Hill JR, Kelm S, Shi J, Deane CM - Bioinformatics (2011)

Bottom Line: For example, substitution preferences in lipid tail-contacting parts of membrane proteins are found to be distinct from all environments in soluble proteins, including buried residues.A principal component analysis of the tables identifies the greatest variation in substitution preferences to be due to changes in hydrophobicity; the second largest variation relates to secondary structure.Our alignments also lead to improved structural models.

View Article: PubMed Central - PubMed

Affiliation: Department of Statistics, University of Oxford, 1 South Parks Road, Oxford, OX1 3TG, UK.

ABSTRACT

Motivation: Membrane proteins are both abundant and important in cells, but the small number of solved structures restricts our understanding of them.

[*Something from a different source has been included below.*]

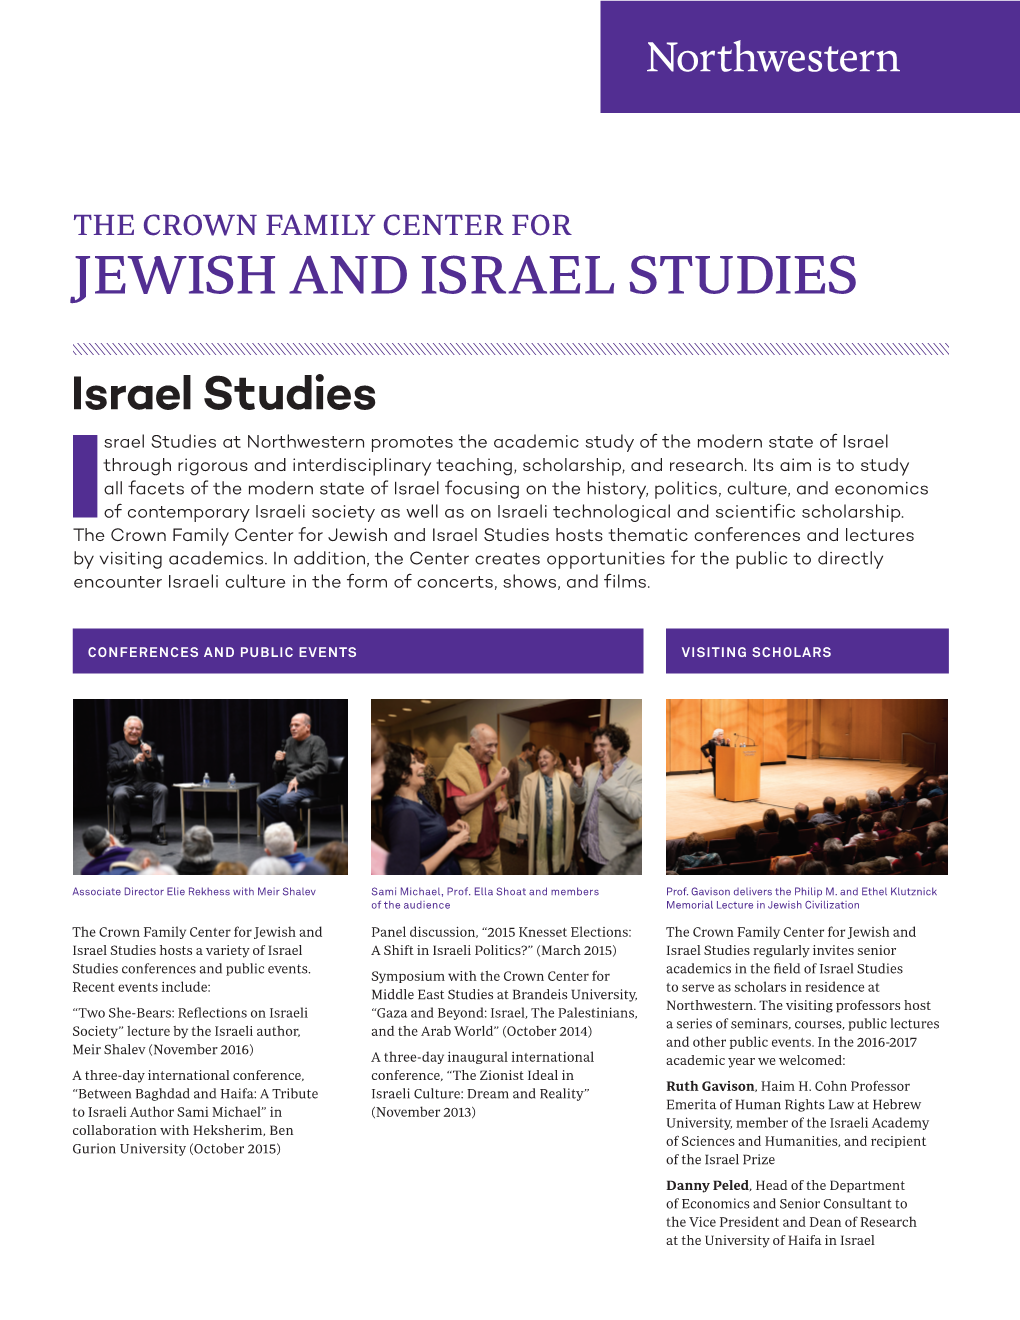 Jewish and Israel Studies

Here we consider whether membrane proteins undergo different substitutions from their soluble counterparts and whether these can be used to improve membrane protein alignments, and therefore improve prediction of their structure.

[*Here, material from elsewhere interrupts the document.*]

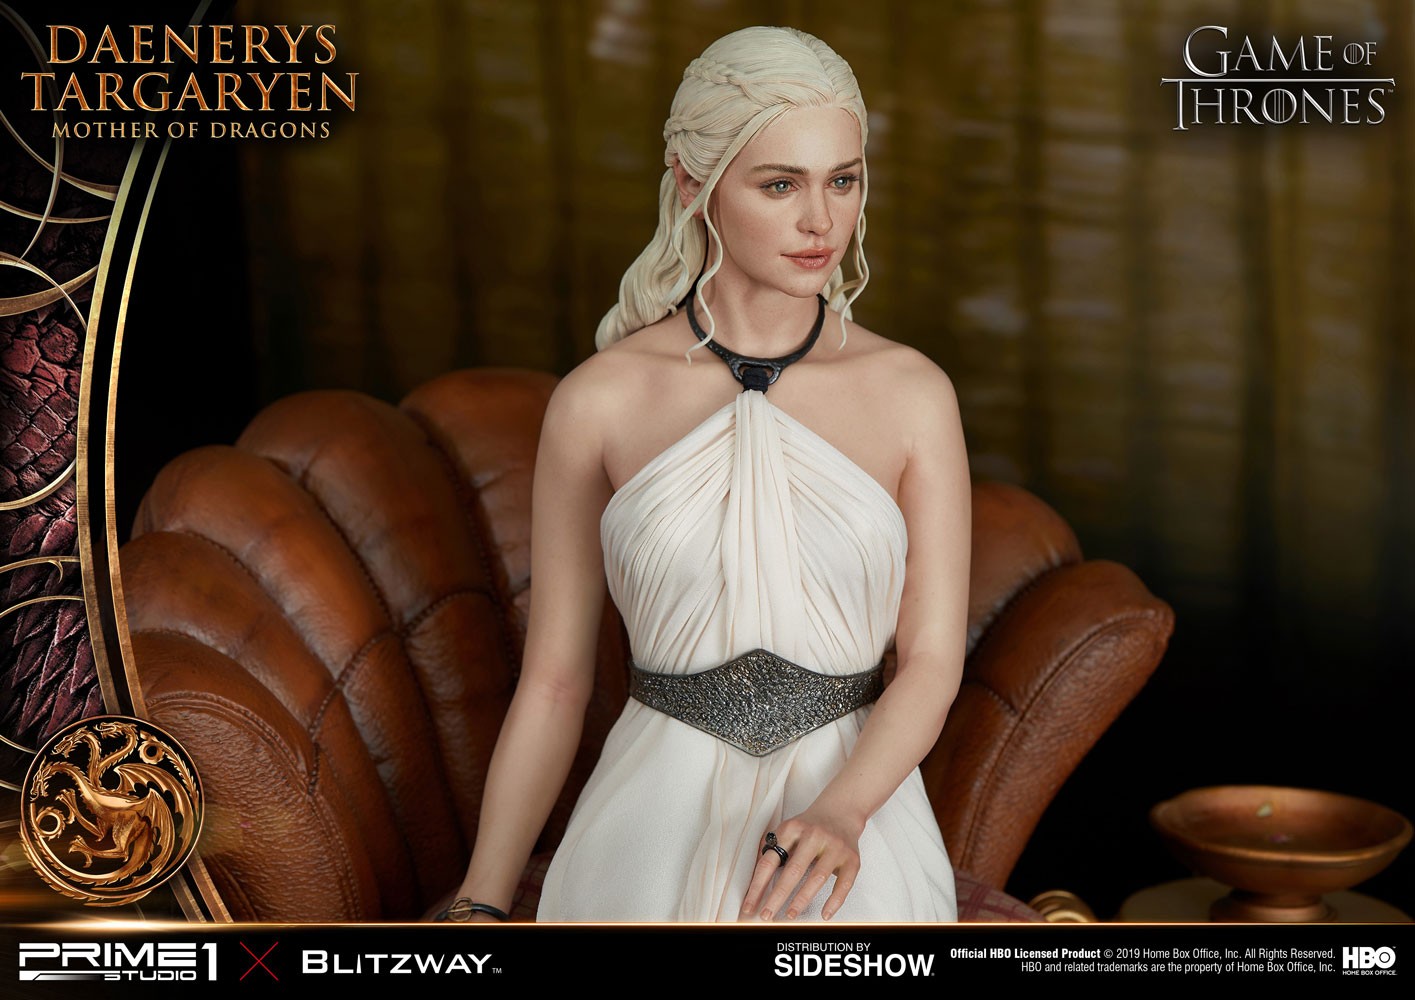 Daenerys Targaryen, Mother of Dragons (Prototype Shown) View 45

Results: We construct substitution tables for different environments within membrane proteins. As data is scarce, we develop a general metric to assess the quality of these asymmetric tables. Membrane proteins show markedly different substitution preferences from soluble proteins. For example, substitution preferences in lipid tail-contacting parts of membrane proteins are found to be distinct from all environments in soluble proteins, including buried residues. A principal component analysis of the tables identifies the greatest variation in substitution preferences to be due to changes in hydrophobicity; the second largest variation relates to secondary structure. We demonstrate the use of our tables in pairwise sequence-to-structure alignments (also known as 'threading') of membrane proteins using the FUGUE alignment program. On average, in the 10-25% sequence identity range, alignments are improved by 28 correctly aligned residues compared with alignments made using FUGUE's default substitution tables. Our alignments also lead to improved structural models.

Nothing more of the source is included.